# Free commutative monoid on countably many generators

Consider the following problem:

• Let $\{ n_1, n_2, \dots, n_r \}$ be a finite set of positive integers. Suppose we colour the positive integers with k distinct colours. Prove that there exist constants a and b such that $\{ a n_1^b, a n_2^b, \dots, a n_r^b\}$ is monochromatic.

Initially, this seems as though it should be a pretty difficult problem. After all, the equations are not linear due to the scary exponent b, so we can’t (for example) appeal to Rado’s theorem. However, closer inspection will reveal that at no point are we using the additive structure of the ring of integers, but instead just the multiplicative structure.

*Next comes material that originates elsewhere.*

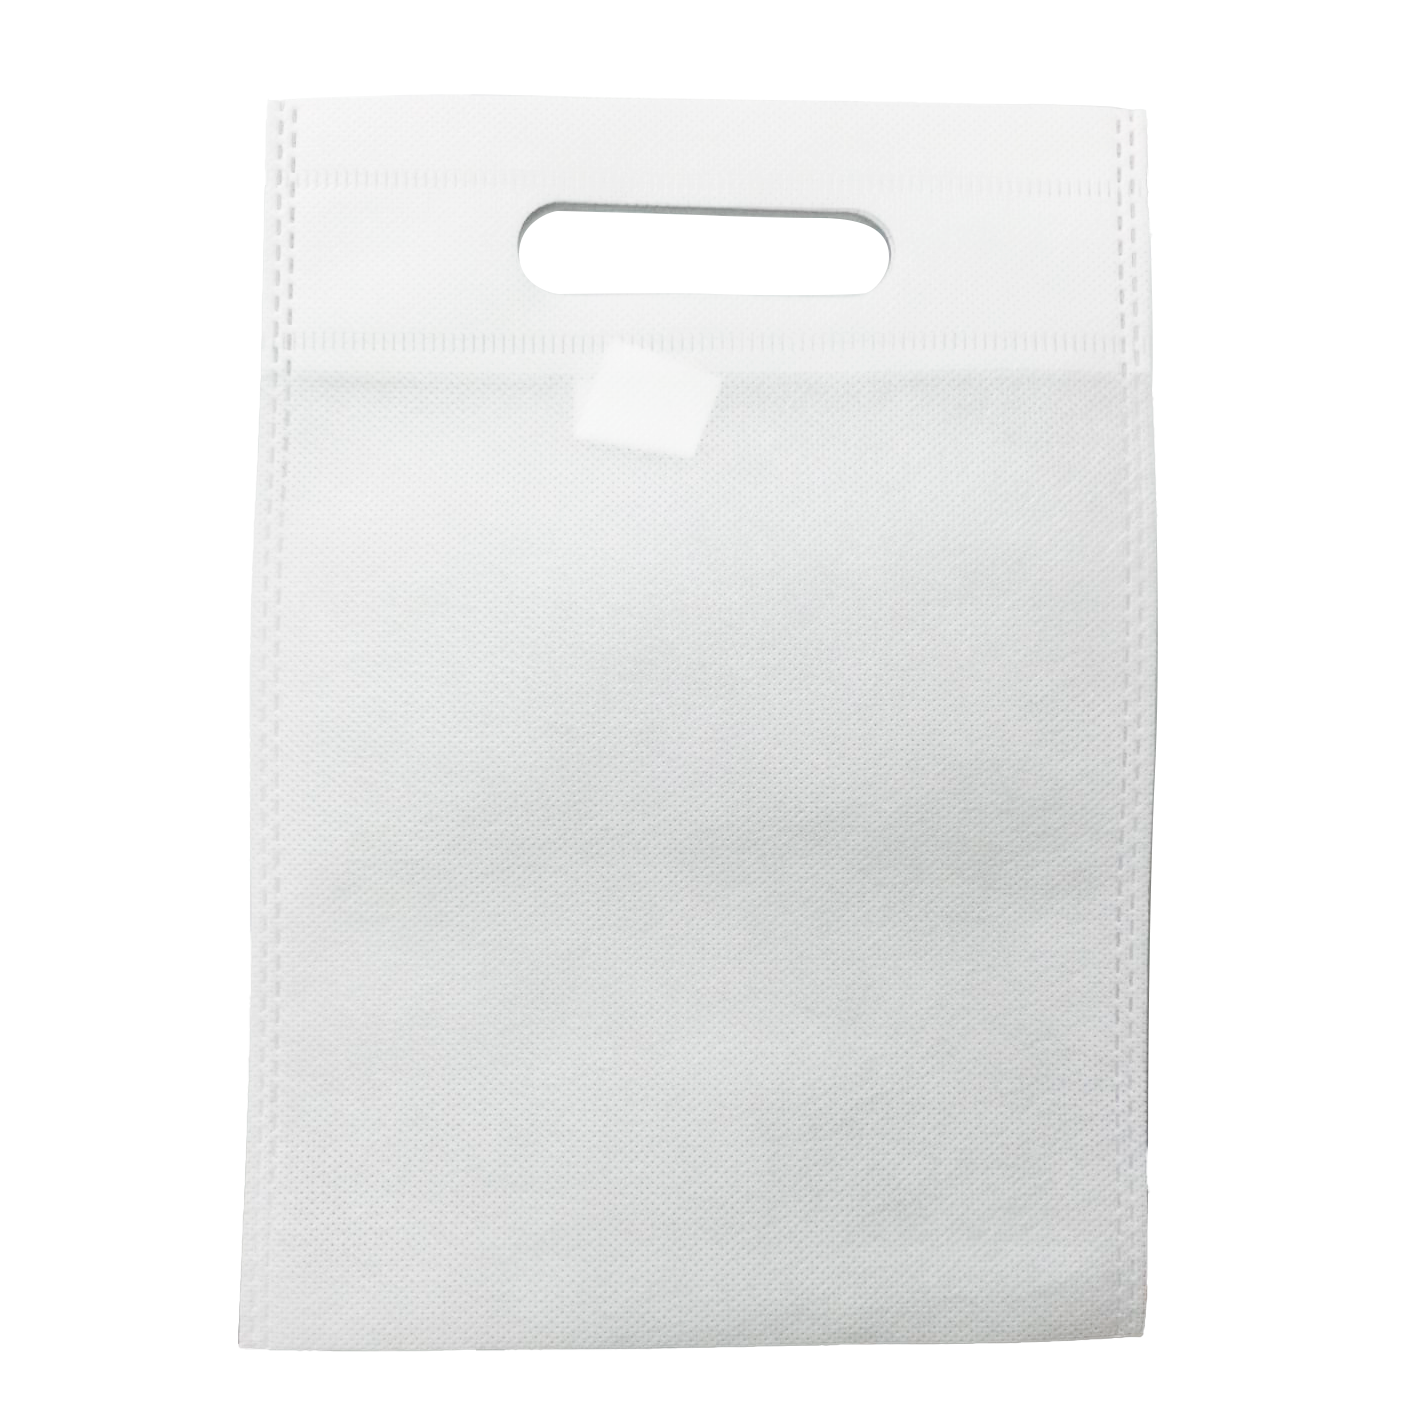 Bolsa Plastico Blanca 35x40 cm troquelada, 100 ud 8,90 € envío en

And the multiplicative structure of the positive integers is a very simple and ubiquitous object, thanks to the Fundamental Theorem of Arithmetic. In fact, it is rather surprising that its most succinct name is the free commutative monoid on countably many generators. To see this isomorphism, consider the prime factorisation of the integer:

• $\theta(n) = \theta(2^{a_1} 3^{a_2} 5^{a_3} 7^{a_4} \dots) = (a_1, a_2, a_3, a_4, \dots)$.

This is a bijection between the positive integers and sequences of non-negative integers of finite support. In particular, it satisfies the delightful prosthaphaeretic property, θ(n m) = θ(n) + θ(m). If we consider the positive rationals instead of the positive integers, then this gives a group isomorphism; without the existence of inverses, however, this is just an isomorphism between monoids.

So, what happens when we pass our problem through this monoid isomorphism? We recover the statement of the Gallai-Witt theorem (multi-dimensional generalisation of van der Waerden’s theorem). Specifically, it states that if we have a finite subset S of $\mathbb{N}^d$, then we can find a monochromatic homothetic copy of S in any k-colouring of the lattice.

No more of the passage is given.